Posted 23 December 2019 - 01:17 PM


Despite a growing number of studies on longevity in Drosophila, genetic factors influencing lifespan are still poorly understood. In this paper we propose a conceptually new approach for the identification of novel longevity-associated genes and potential target genes for SNPs in non-coding regions by utilizing the knowledge of co-location of various loci, governed by the three-dimensional architecture of the Drosophila genome. Firstly, we created networks between genes/genomic regions harboring SNPs deemed to be significant in two longevity GWAS summary statistics datasets using intra- and inter-chromosomal interaction frequencies (Hi-C data) as a measure of co-location. These networks were further extended to include regions strongly interacting with previously selected regions. Using various network measures, literature search and additional bioinformatics resources, we investigated the plausibility of genes found to have genuine association with longevity. Several of the newly identified genes were common between the two GWAS datasets and these possessed human orthologs. We also found that the proportion of non-coding SNPs in borders between topologically associated domains is significantly higher than expected by chance. Assuming co-location, we investigated potential target genes for non-coding SNPs. This approach therefore offers a stepping stone to identification of novel genes and SNP targets linked to human longevity.
Despite a growing number of studies on survival into old (≥ 85 years) and advanced (≥ 90 years) age, factors influencing longevity (or lifespan) are still poorly understood. Human twin studies estimated that 20–30% of variation in survival into old and advanced age, besides maintaining a healthy life style, is determined by heritable genetic factors [1, 2].

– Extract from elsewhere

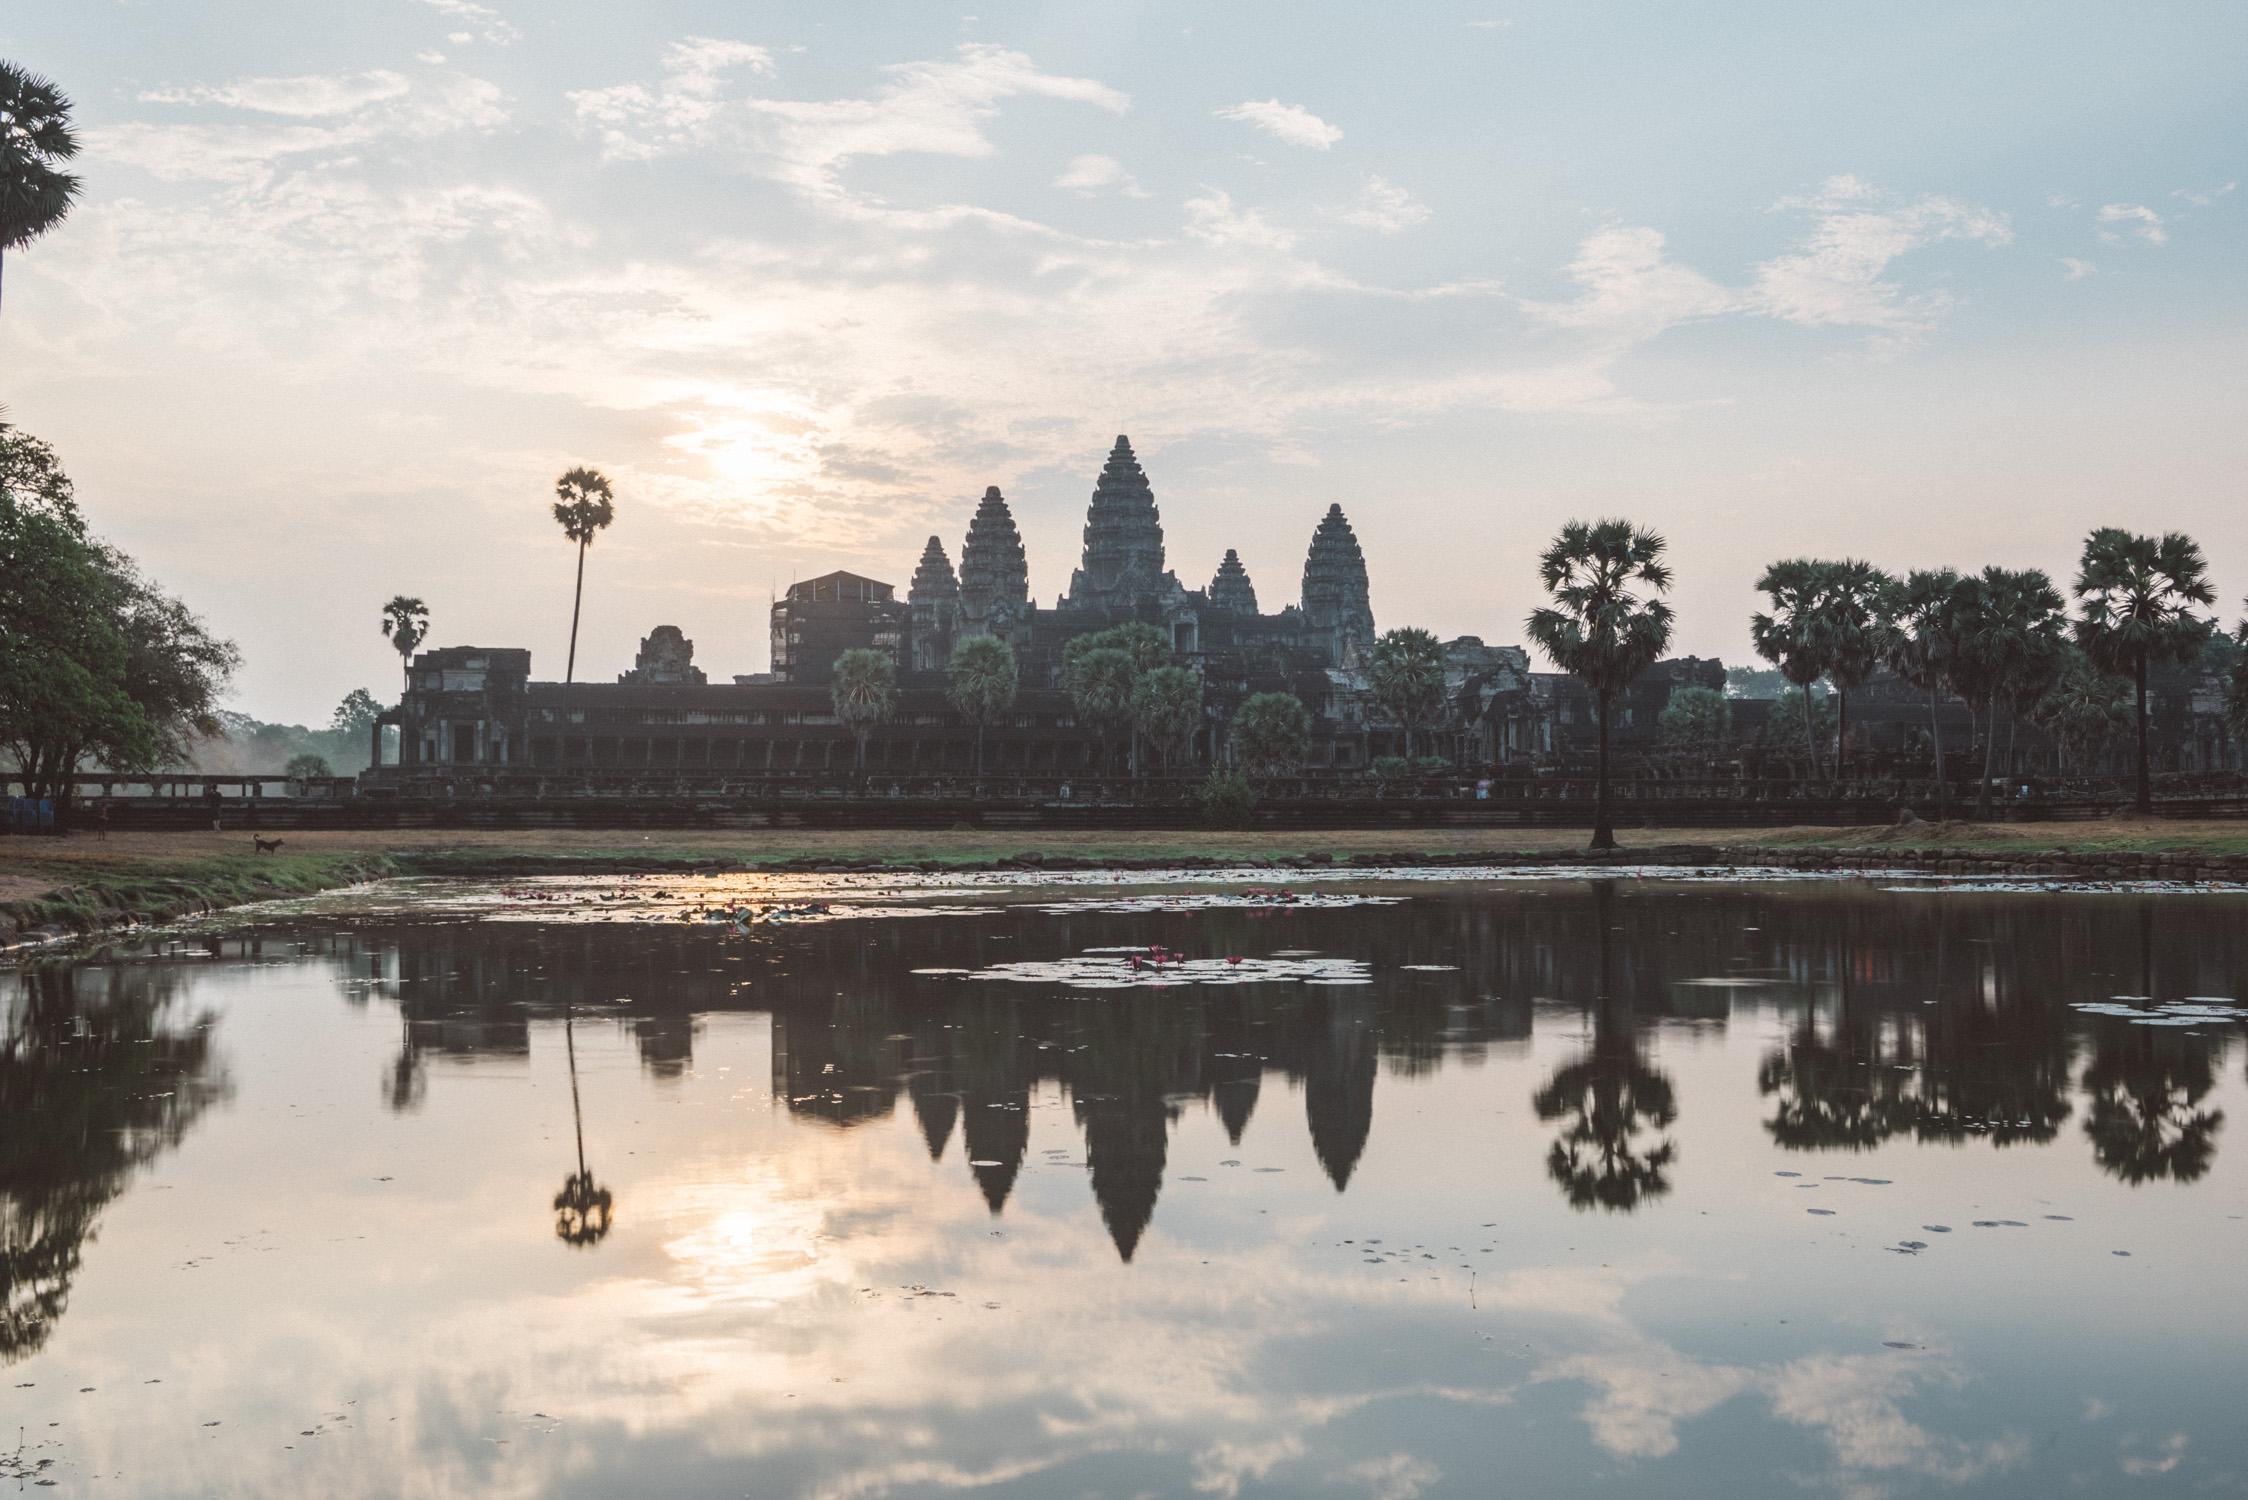 Angkor Wat sunrise reflexion [David Tan]

In order to determine these genetic factors, several genome-wide scans for linkage, genome-wide association studies (GWAS) and genome-wide association meta-analyses have been carried out on panels of long-lived individuals. Variations in many loci, e.g. near the D4S1564 [3], MINPP1 [4], HLA-DQA1/DRB1 and LPA [5] genes, have been identified as contributing to survival into old age, but only single nucleotide polymorphisms (SNPs) in TOMM40/APOE and FOXO3 loci were found to robustly associate with longevity [6–11]. In a whole-genome scan for genetic linkage performed by Kerber et al. [12] on individuals from the Utah Population Database, in which high levels of both familial longevity and individual longevity were exhibited, the strongest signal was observed in marker D3S3547 on chromosome 3p24.1. In addition, a locus on chromosome 3p24-22, previously identified in [13], was found to link to exceptional longevity [12], strengthening the case that genes found in these regions play a role in the regulation of human lifespan. Boyden and Kunkel [13] have identified several additional loci as having significant association with longevity, e.g. on chromosomes 9q31-34, 12q24 and 4q22-25. Recently, GWAS of parental longevity was performed on participants of European descent available via the UK Biobank [14]. Several previously known variants have been confirmed in this study. In addition, other common variants previously found by disease-specific GWAS to associate with e.g. cellular senescence, inflammation, lipid metabolism and cardiovascular conditions were also found to associate with parental longevity [14]. Their results suggest that human longevity is a highly polygenic trait influenced by many variants with a small effect size [14].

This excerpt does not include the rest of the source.